## Problem to work on
Make an exact copy of the records, with the images left out.

[[ Records for this task, beginning ]]

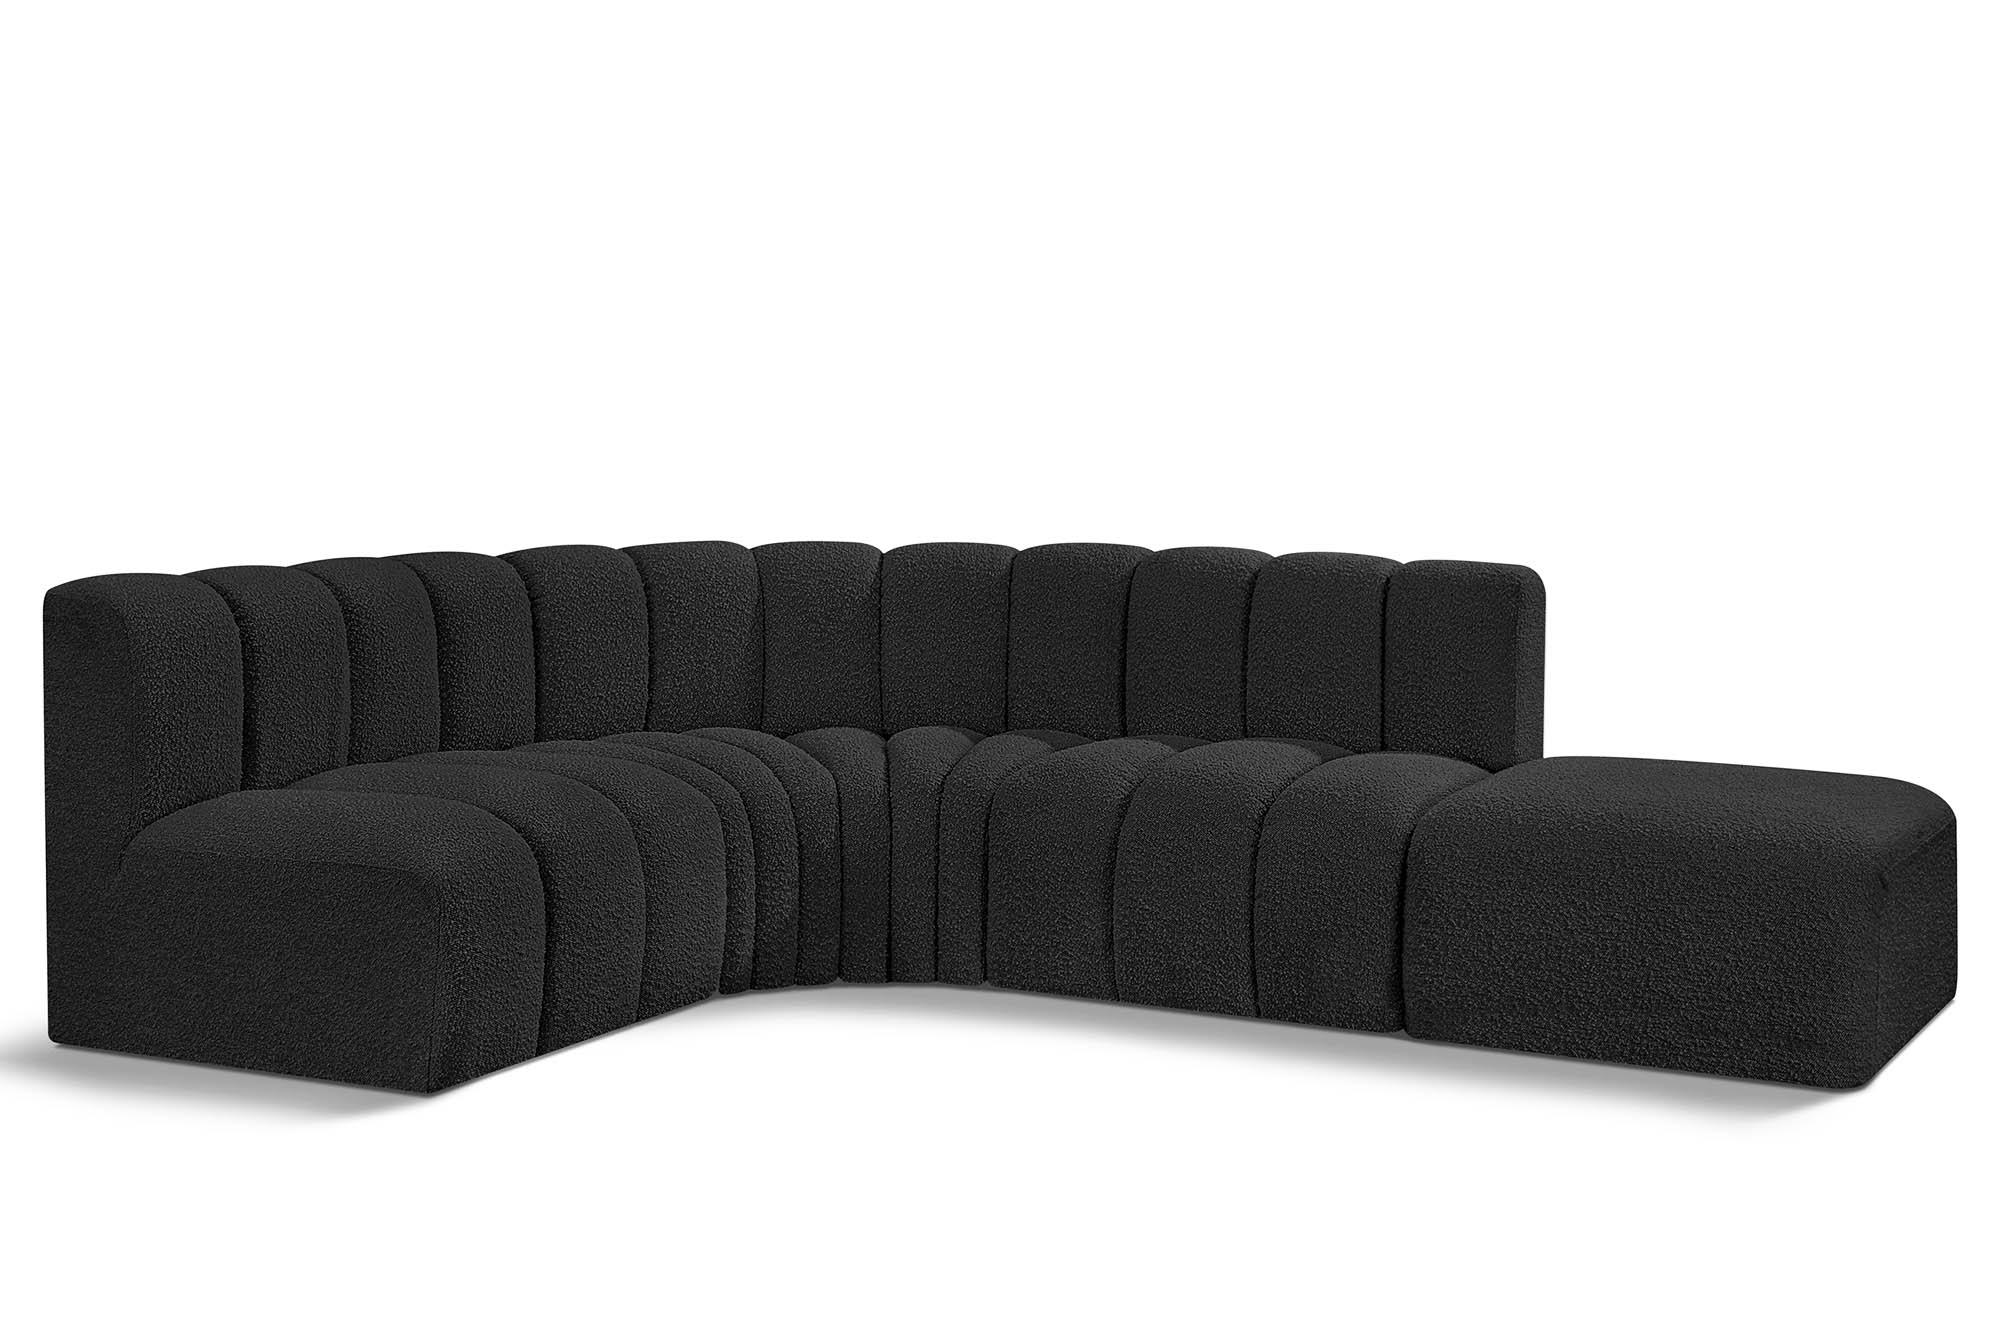 Contemporary, Modern Modular Sectional Sofa ARC 102Black-S5C 102Black-S5C in Black 
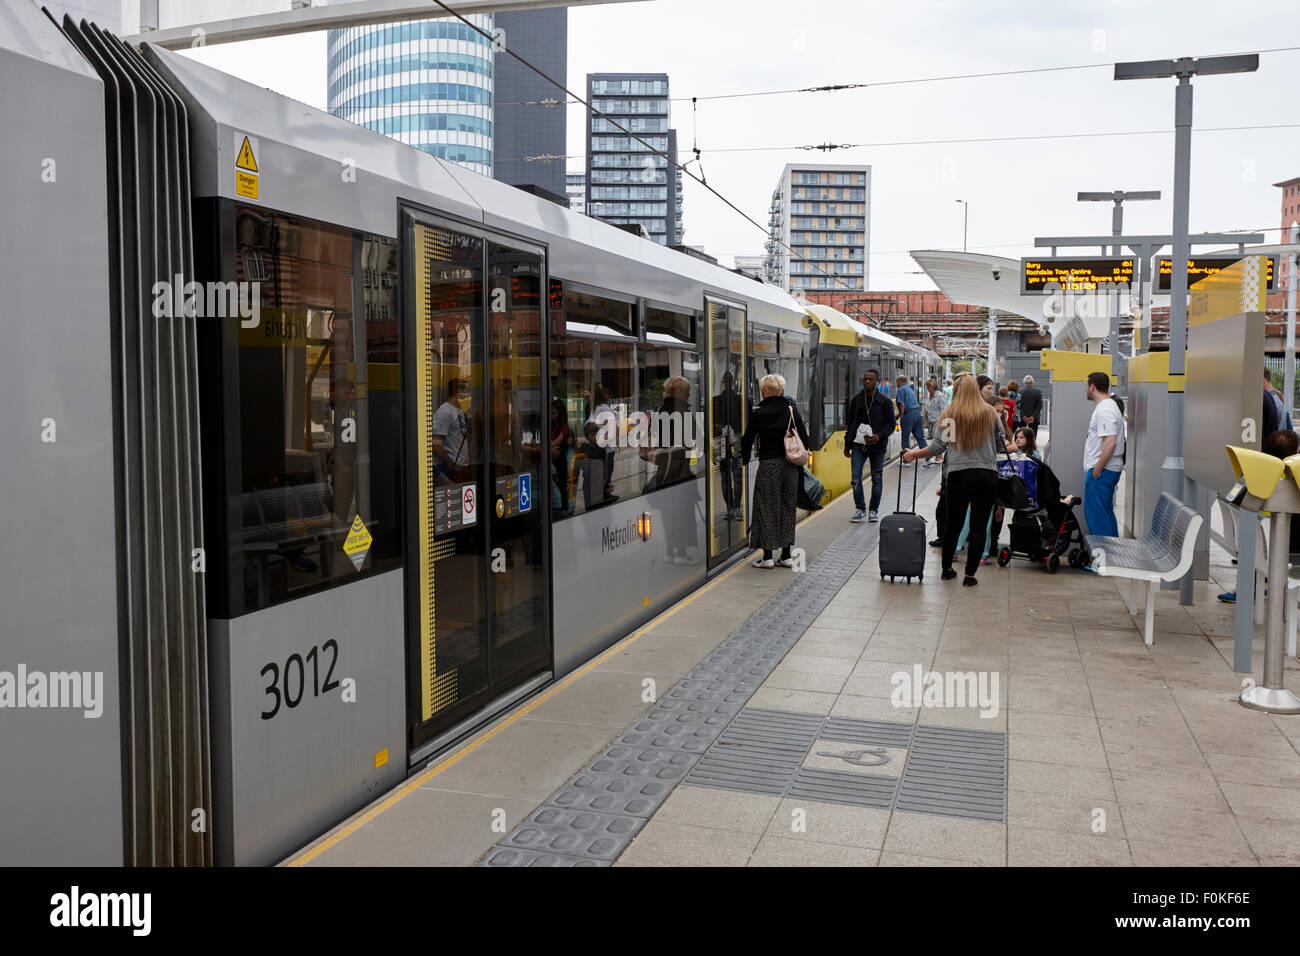 metrolink tram in victoria station Manchester England UK Stock Photo
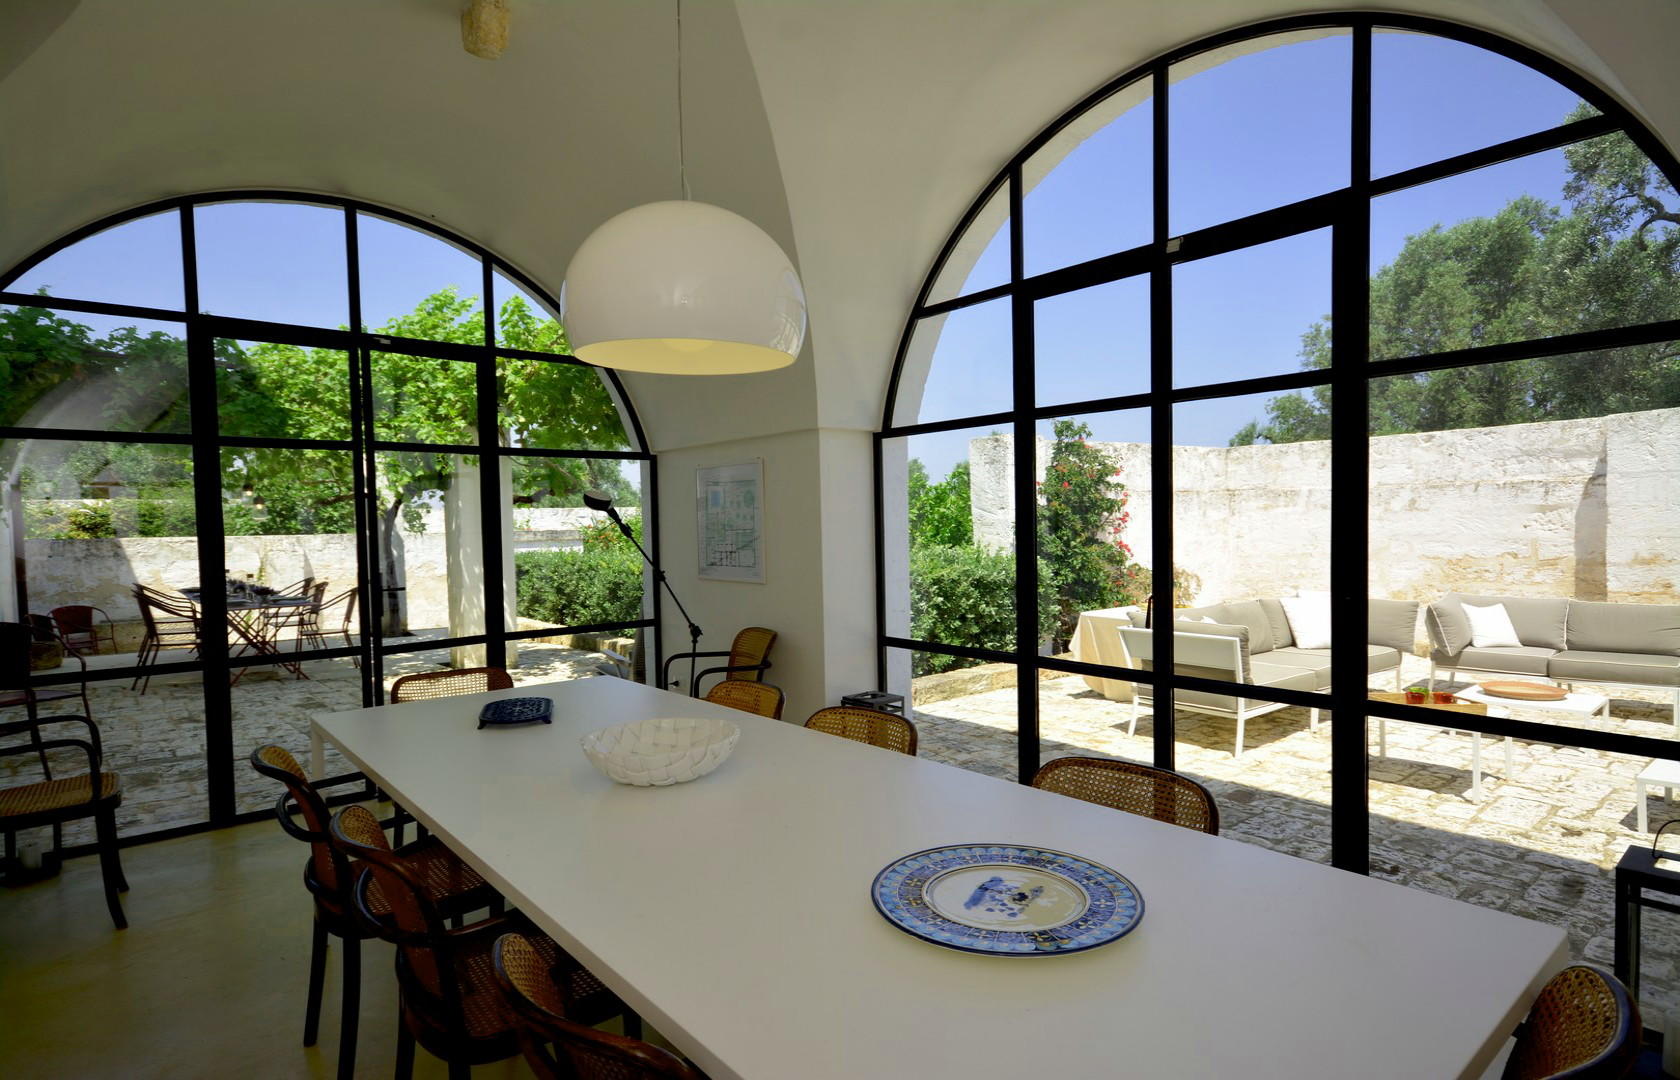 Ground floor, dining room with design kitchen corner
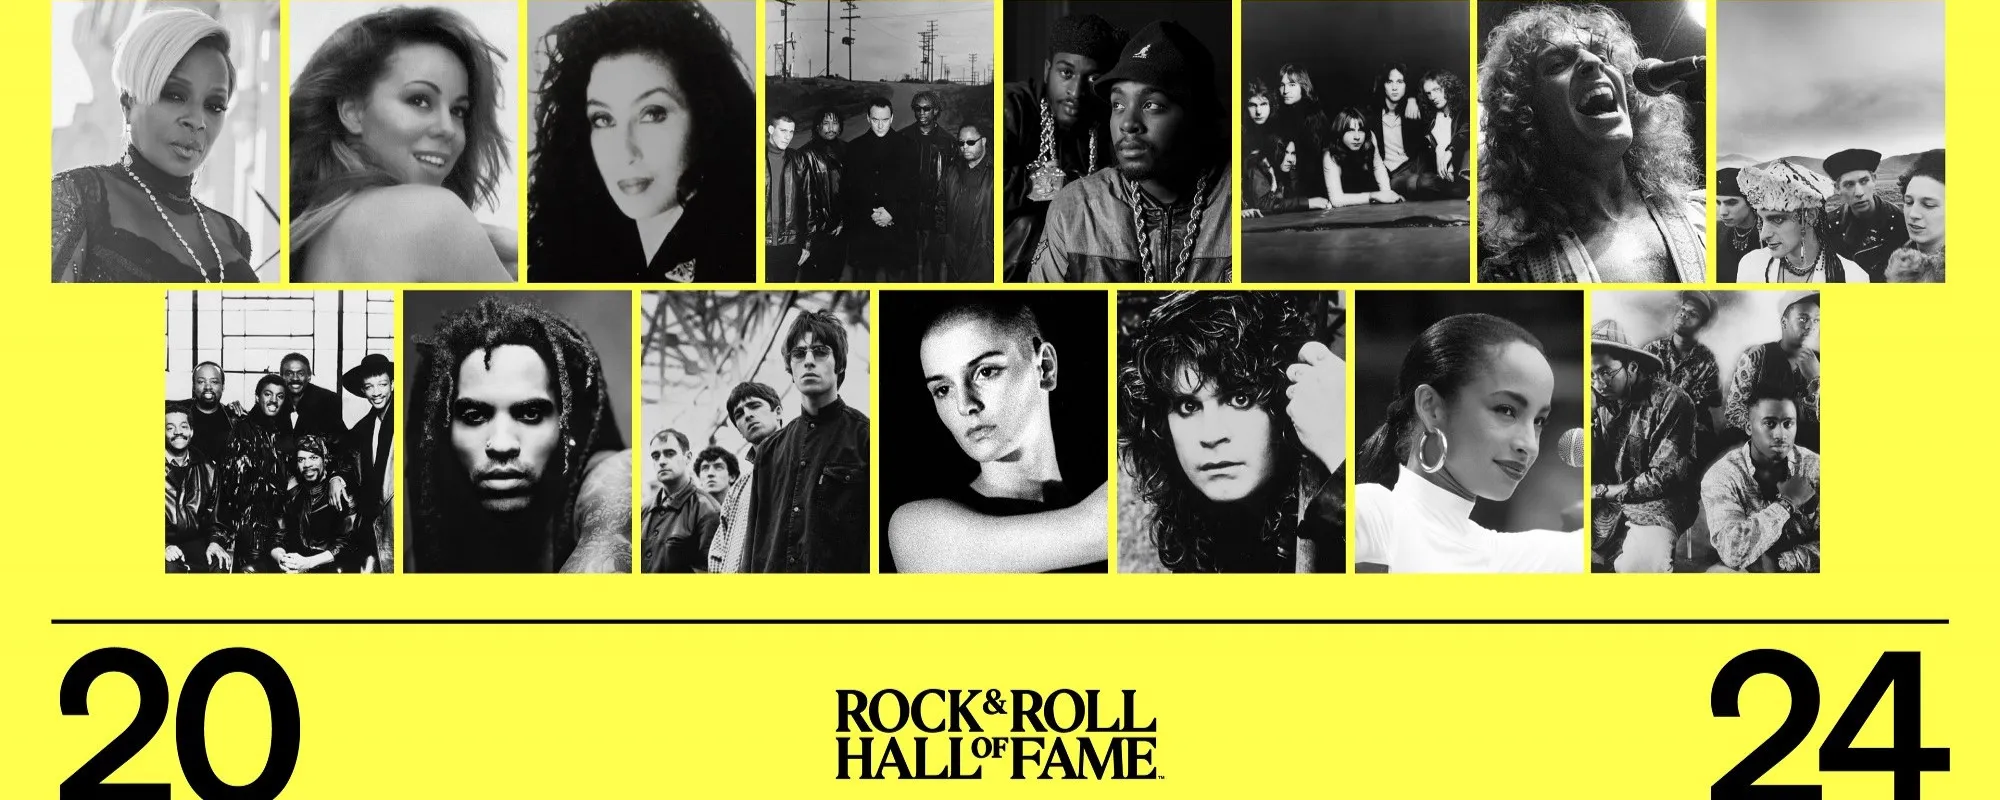 Foreigner’s Lou Gramm Thanks Rock & Roll Hall of Fame, Talks Mick Jones’ Parkinson’s Battle
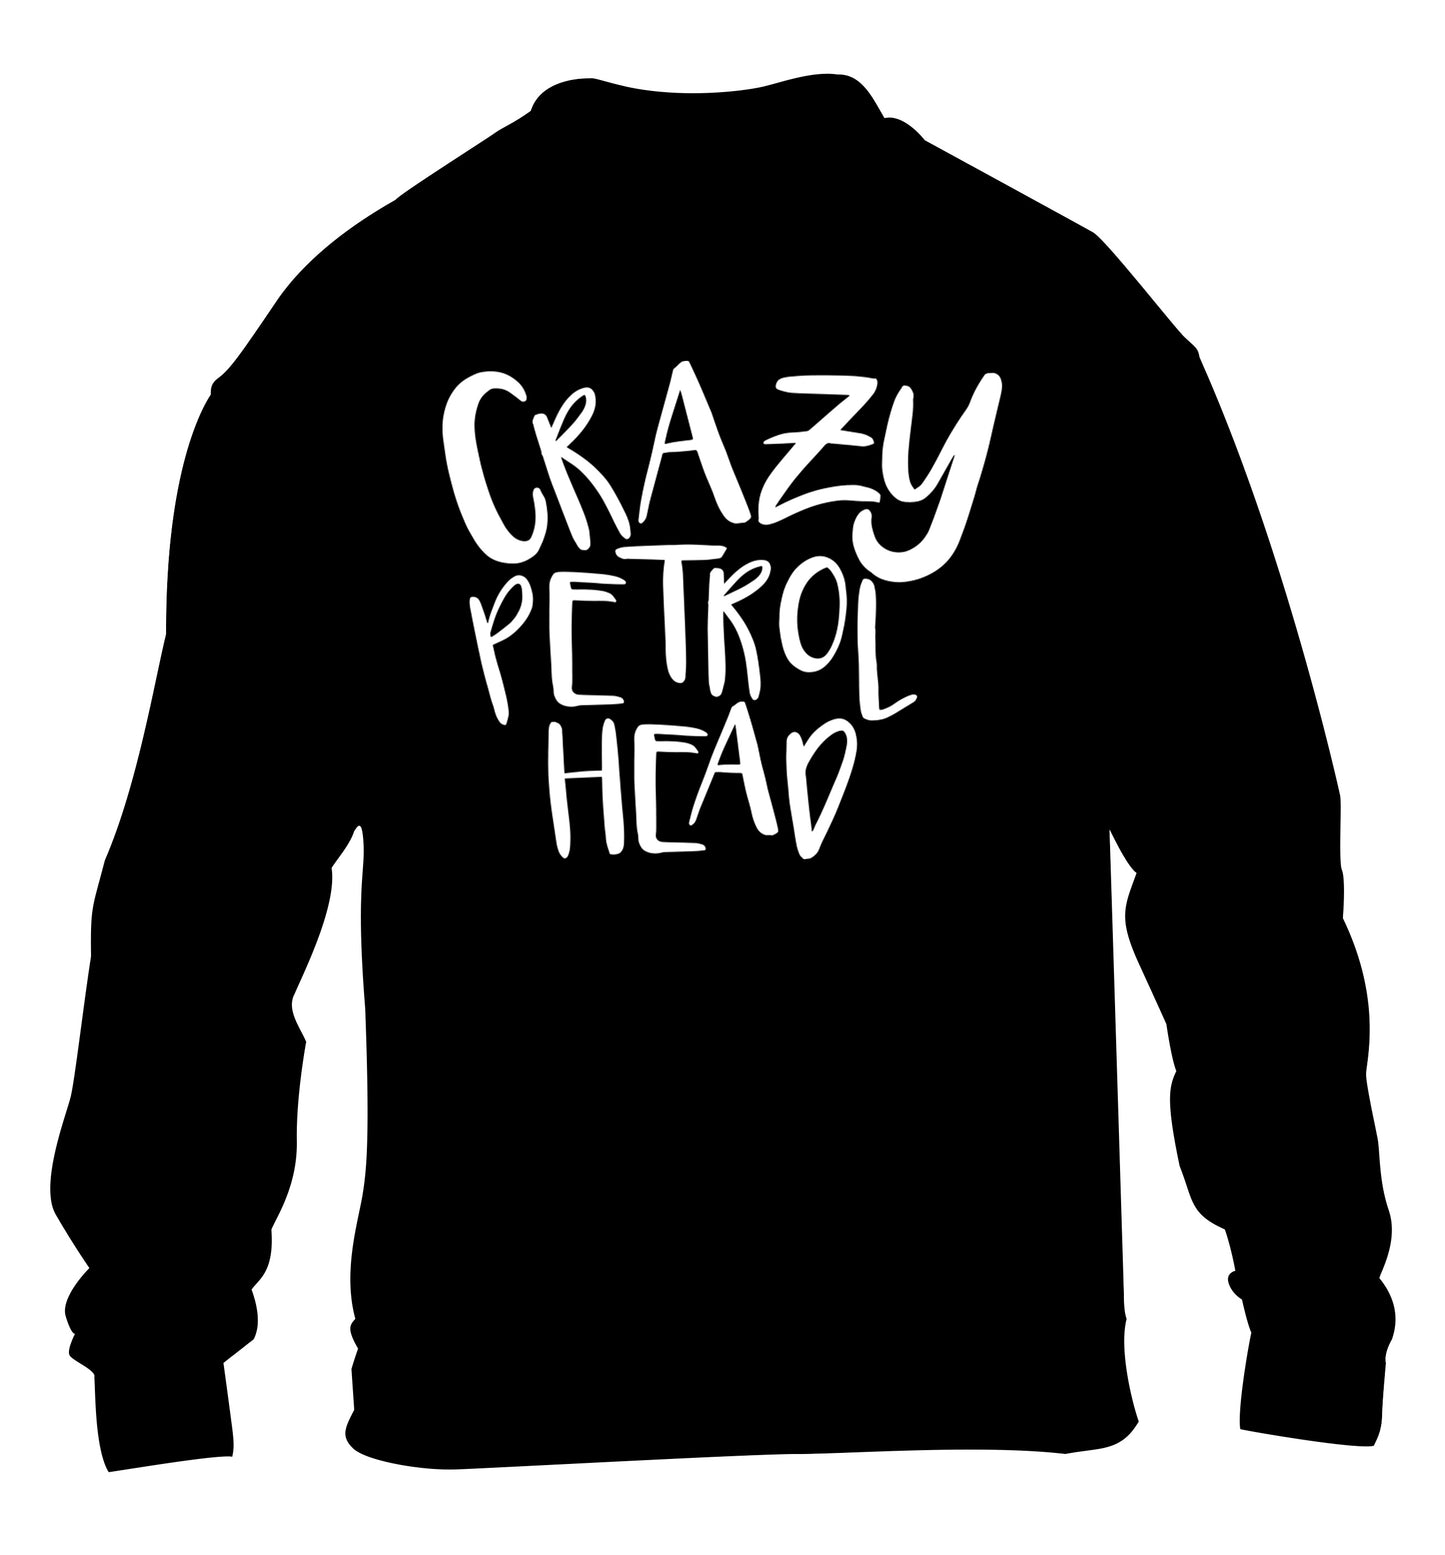 Crazy petrol head children's black sweater 12-13 Years

[[ Records for this task, end ]]

## Answer to this task
 Contemporary, Modern Modular Sectional Sofa ARC 102Black-S5C 102Black-S5C in Black 
 metrolink tram in victoria station Manchester England UK Stock Photo
 Ground floor, dining room with design kitchen corner
 Foreigner’s Lou Gramm Thanks Rock & Roll Hall of Fame, Talks Mick Jones’ Parkinson’s Battle
 Crazy petrol head children's black sweater 12-13 Years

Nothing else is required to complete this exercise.